At the cafe where only a week before I had longed to go home, a tuxedo-garbed man whose ironic smile twists on his pale face, is doffing his top hat and asking for four volunteers. "Quatre hommes." Four men, grinning toward companions they have left behind at tables, join him. He takes six wine glasses from a bag and breaks the glasses on the sidewalk, then draws his volunteers into a huddle around the broken glass. They talk quietly and then scuffle backward and face us. They are mild-faced men, young, stylishly dressed, handsome. The performer kneels before the heap of glass. His face is on the sidewalk. men and women at back tables stand. Passersby stop. He screams, "Maintenant, mes amis!" The four men each place one foot on his head. "Harder," he yells in French. The men hesitate, one glances pleadingly toward the woman with whom he had sat. She frowns. She motions him back to her.
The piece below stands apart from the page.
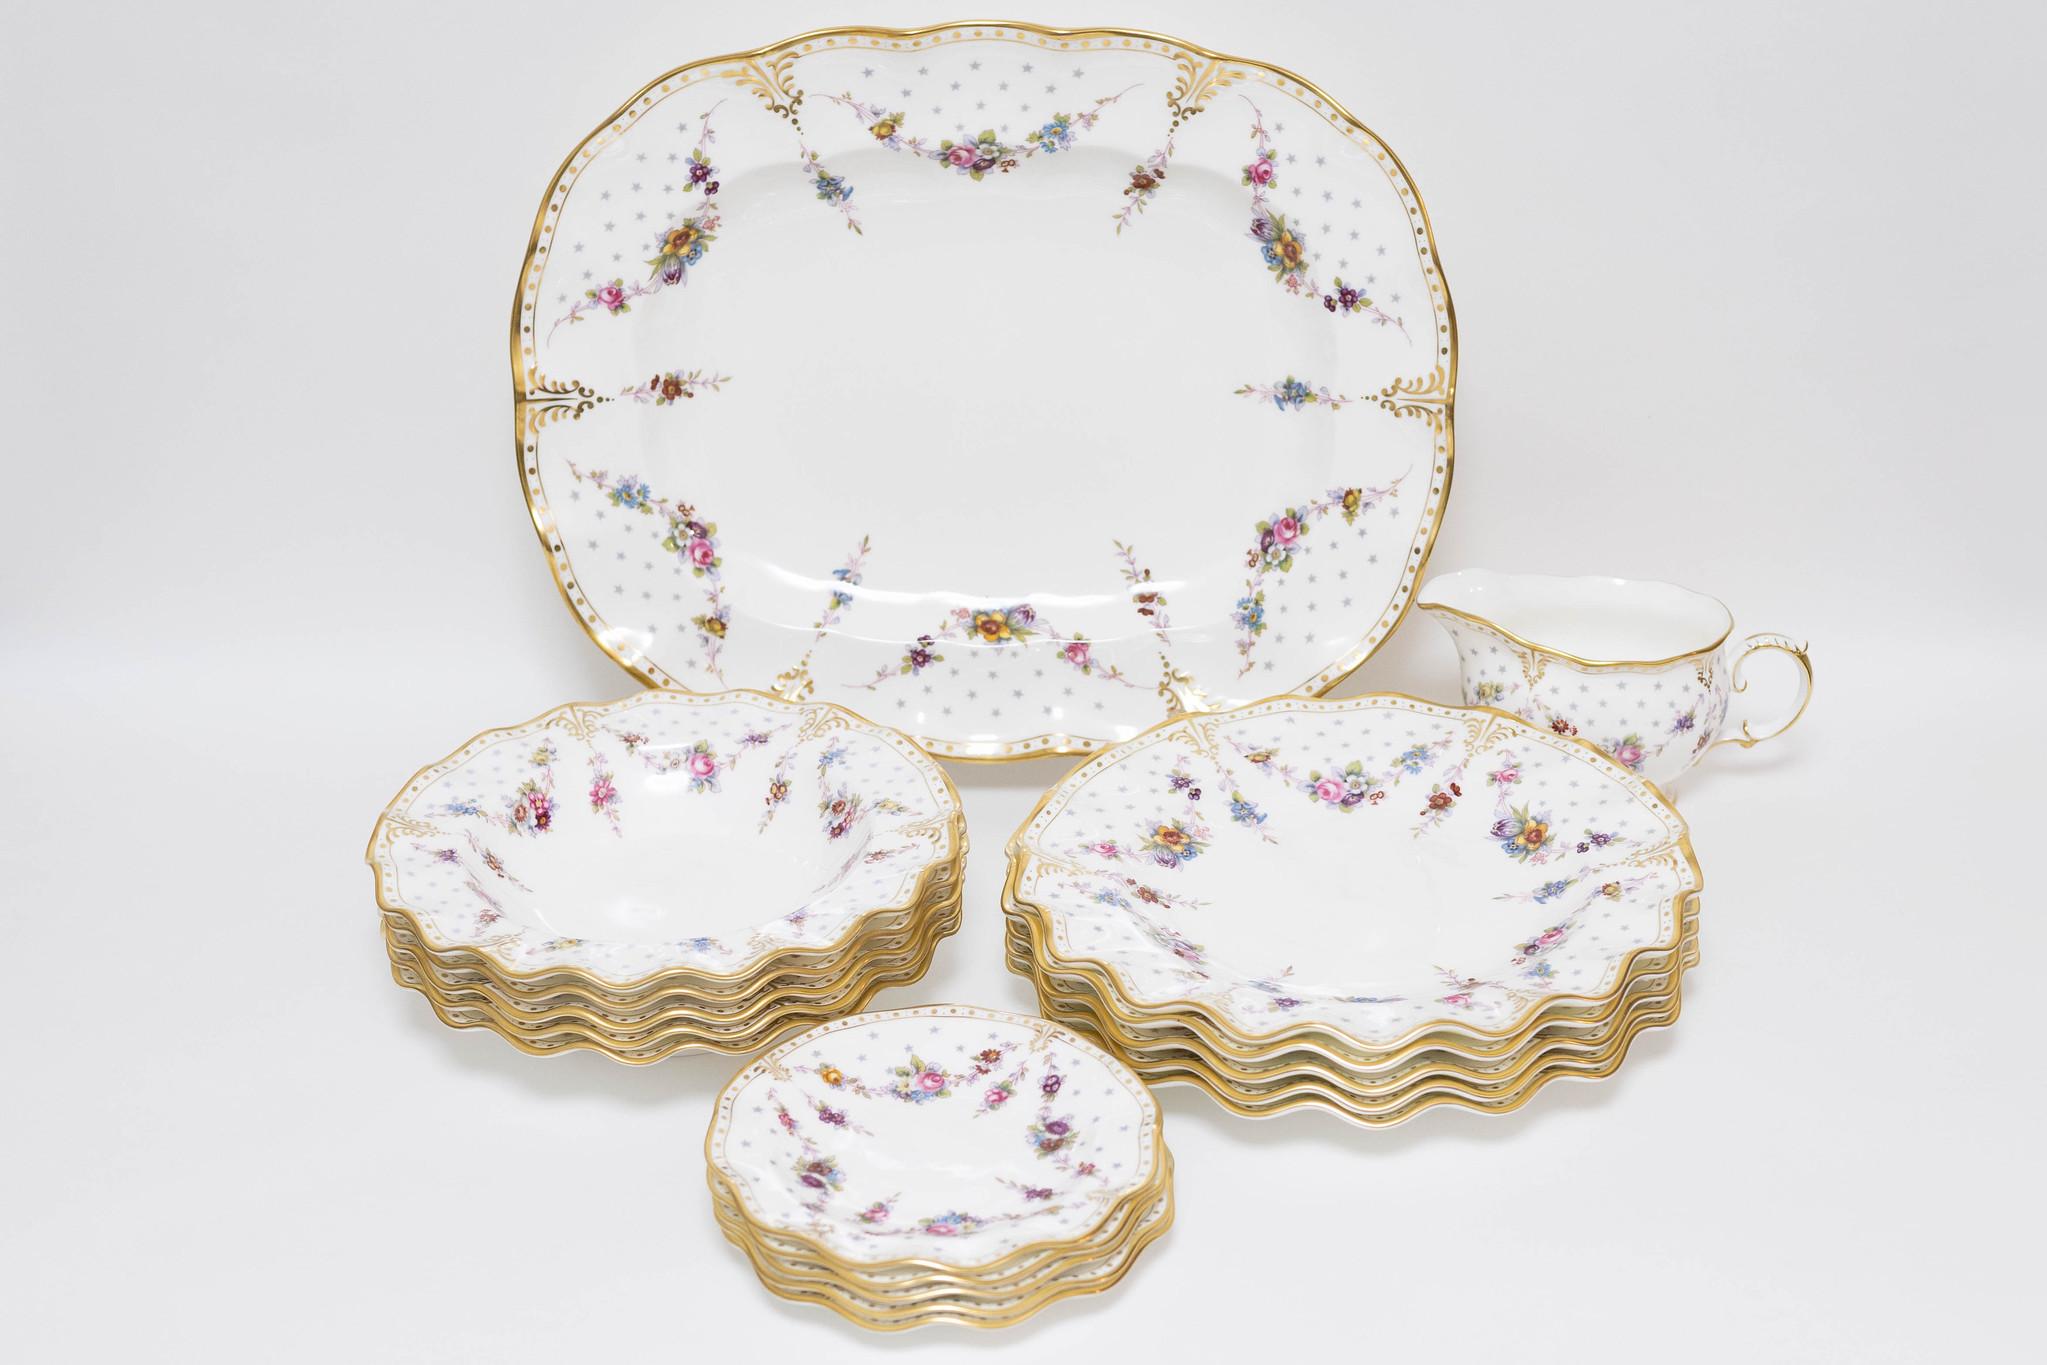 Royal Antoinette / Royal Crown Derby

The performer rises from his knees with a flourish of his arms. Thin streams of blood run down his face. Is there applause? I do not remember. There were groans and scattering laughter, I know. The performer walks among the tables and cafe patrons drop francs into his top hat. The blood dribbles. A shard of glass glitters in the deep cleft of his chin. Coins drop into the hat — ten-franc pieces, and even several pastel 20-franc bills. "This sure is a long way from Kansas," I say to my companions. After a moment's pause, one asks if I am homesick.

No. I did not feel that acute pang of longing for holly hocks at the door, cornbread in the skillet, and the smell of bacon frying. I felt the cold of the Atlantic Ocean between me and home, that implacable distance. There is a way in which travel, particularly travel to places that are unknown or are known only by their reputation, is to move onto an elaborate board game whose rules are always changing. You the traveler are dice and pawn; it is your life that is up for grabs. You toss yourself into the squares, and to survive, to win your way through the board, just to stay even, you must become your own luck. You pack your own trouble. You take yourself along. You cannot expect to be happier in Paris than you are at home.

I had not read Hemingway since I was a college freshman, but a quarter-century later, some of his characters' lines return. I remember them. I even remember reading them, and where I sat to read. I remember especially that in The Sun Also Rises Jake says to Brett, as she starts to tell him about her nights of love with the bullfighter, "You'll lose it if you talk about it."

"I just talk around it," Brett responds.

The Sun Also Rises was written in Paris. its hero, Jake Barnes, has a war wound. It was the Spanish Civil War. The wound was to the groin. He cannot make love, but he is in love. He loves Lady Brett Ashley, a 34-year-old English beauty. In Paris, where Jake lives and works as a newspaper correspondent, he cannot forget Brett. In a taxi together, riding at night through all the rues I walk through, she tells him, "But darling, I have to see you."

Jake wants to forget her. He takes a vacation, goes to Spain to fish. The trout take his worms. The he goes to the bullfights in Pamplona. Brett and the man she has decided to marry are to join him. They do. Jake cannot forget her at Pamplona, not even when the bull and the bullfighter are one. She cannot forget Jake, although she gives forgetting a good try. She beds down with the 19-year-old bullfighter. The story ends in Madrid. Jake and Brett are back in a taxi again when she tells him, "We could have had such a damned good time together."

"Yes," he answers (ending the novel). "Isn't it pretty to think so?"

The next-to-last-day I am in Paris, I approach the newly laid sidewalk on the block just over from my hotel. It has been scraped clean and is still wet. I put my foot into it, and press. With a Popsicle stick I scratch the initials of my name.